Introducción

La chinchilla es un pequeño roedor nativo de América del Sur, cuya piel es reconocida como una de las más finas del mundo. Los indígenas a la llegada de los españoles a América, ya utilizaban su piel para la confección de prendas de abrigo (Villalobos, 1984).

En Chile, la calidad y color de las pieles exportadas, junto con la capacidad de producir un número aceptable de pieles cada año, ha permitido a los productores nacionales insertarse en el mercado internacional.

El sistema de producción que se utiliza para el apareamiento de chinchillas en criaderos con fines comerciales es el método poligámico del collar, dado que es el más eficiente (Grau, 1966). Para criaderos en Chile, Grau (1966) señala que la edad adecuada para la primera monta en hembras y machos es a los 8 meses. Esta especie se caracteriza por un excepcional largo de la gestación comparado con otros roedores (Weir, 1986). La fertilidad, expresada como el porcentaje de hembras paridas del total de hembras encastadas fue el 80,8% (Scheu, 1988). En Chile, García y col. (1989) observaron que las hembras menores de 18 meses al parto tienen una fertilidad menor que las de mayor edad y a la vez un menor número de partos por hembra al año. En relación al tamaño de camada, la moda sería de 2 individuos (Puzder y Novicmec, 1992).

El análisis demográfico de la fecundidad permite conocer la eficiencia productiva de una población, ya que los indicadores evalúan la fecundidad en relación al número de nacidos vivos. En este estudio se estimarán indicadores demográficos de la fecundidad junto con algunos indicadores reproductivos en chinchillas hembras de criadero.

Materiales y métodos

La información para efectuar este estudio se obtuvo de los registros entre los años 1987 y 1994 de dos criaderos chilenos, ubicados en la Región Metropolitana, semejantes en su manejo reproductivo, asesoría técnica y origen de los animales. Los registros contenían la siguiente información: identificación del individuo, fecha de nacimiento y muerte, fecha de partos, número de nacidos vivos y muertos indicando su sexo y destino (piel o reproducción). Con estos datos las hembras se clasificaron según edad y año calendario; y las crías según año de nacimiento, sexo y edad de las madres.

Se construyeron las siguientes tasas utilizando las expresiones de Haupt y Kane (1981):

Tasa de fecundidad femenina general que indica el número de crías nacidas vivas por cada    hembra en edad fértil (mayor de 8 meses). Tasas de fecundidad femenina específica por edad que es el número de crías nacidas vivas por cada hembra de una determinada edad fértil. Tasa femenina global de fecundidad constituida por la sumatoria de las tasas de fecundidad específica por edad y se interpreta como el promedio de crías que nacerían vivas durante la vida de una hembra si toda su vida reproductiva transcurriera conforme a las tasas de fecundidad por edad. Tasa bruta de reproducción que es el número promedio de hijas que nacerían vivas durante la vida de una hembra si su vida transcurriera conforme a las tasas de fecundidad por edad.

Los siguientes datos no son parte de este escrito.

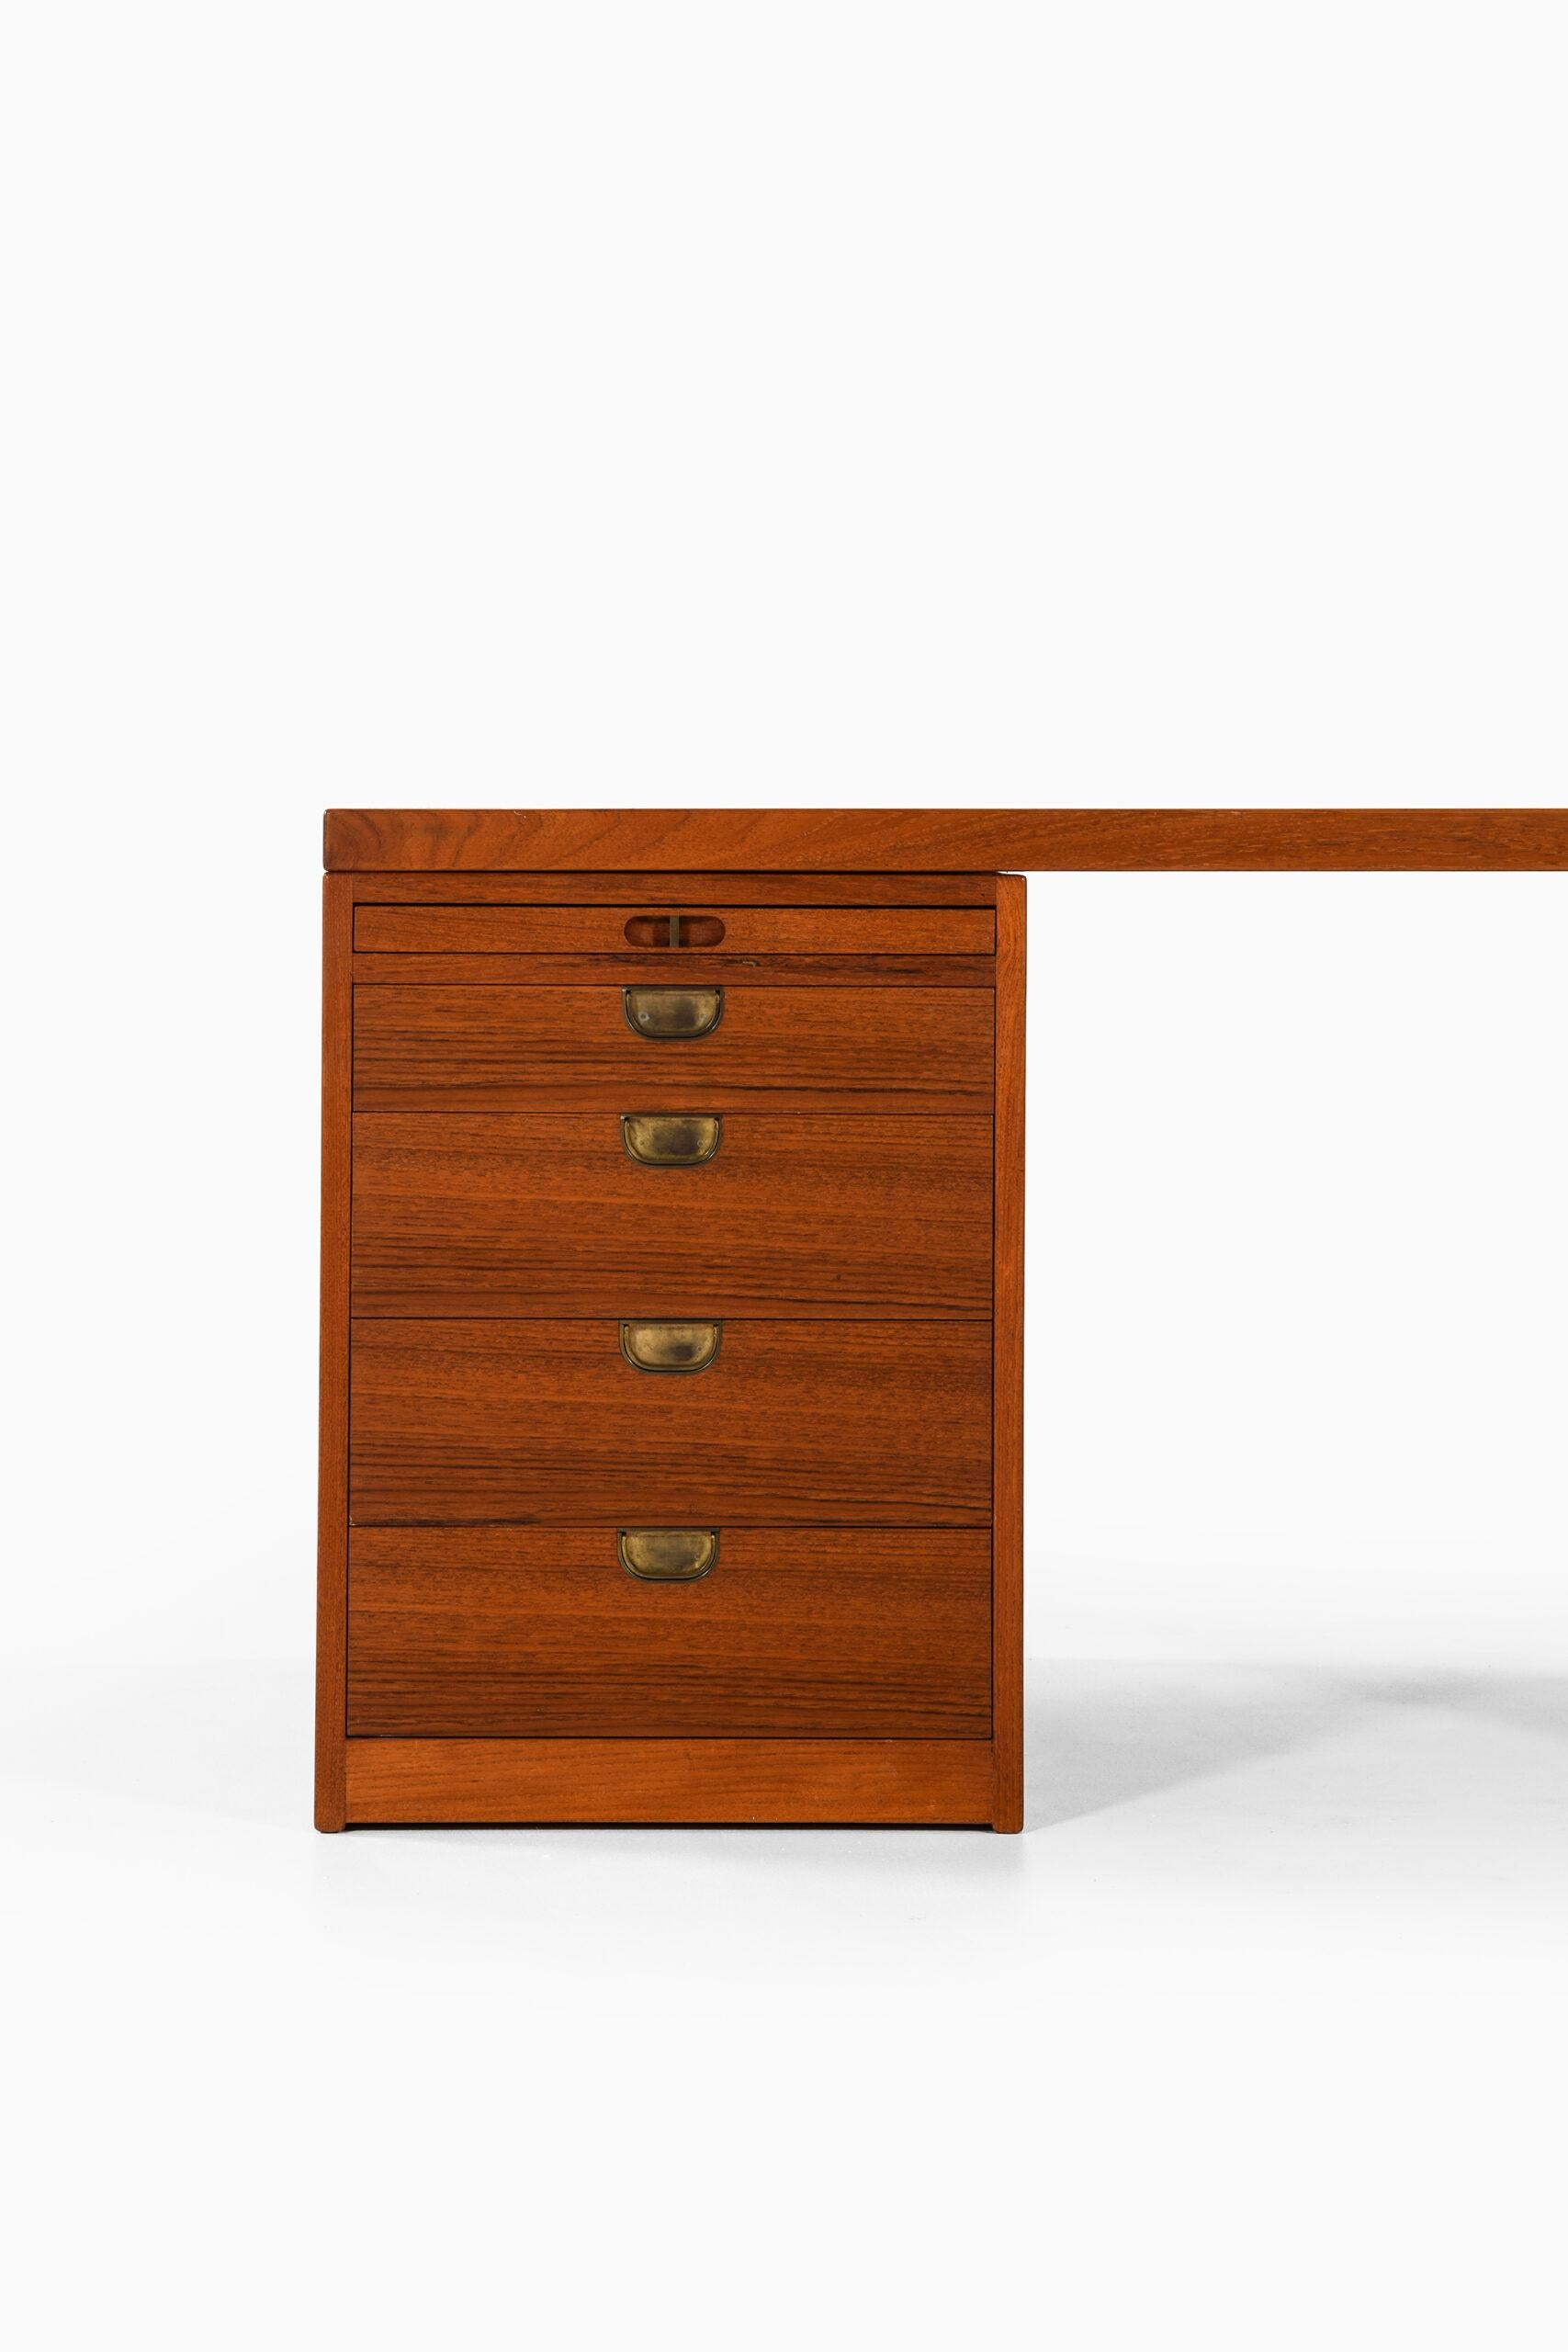 Rare freestanding desk designed by Børge Mogensen. Produced by cabinetmaker P. Lauritsen & Søn in Denmark.

Se obtuvo además la siguiente información:

distribución mensual de nacimientos edad al parto según número ordinal de parto probabilidad de presentar partos sucesivos tamaño de la camada al nacimiento y al destete número de partos al año por hembra en edad fértil

Resultados y discusión

La tasa de fecundidad femenina general en los años considerados varió entre 146 y 214 con un promedio que indica que por cada 100 hembras en edad fértil nacen 173 crías vivas anualmente. Esta tasa de 1,73 crías por hembra al año, inferior al obtenido por Scheu (1988) de 2,35 puede atribuirse a que ese autor considera sólo las hembras paridas y no el total de hembras en edad fértil. Esto muestra una existencia de animales en producción no eficientes desde el punto de vista reproductivo.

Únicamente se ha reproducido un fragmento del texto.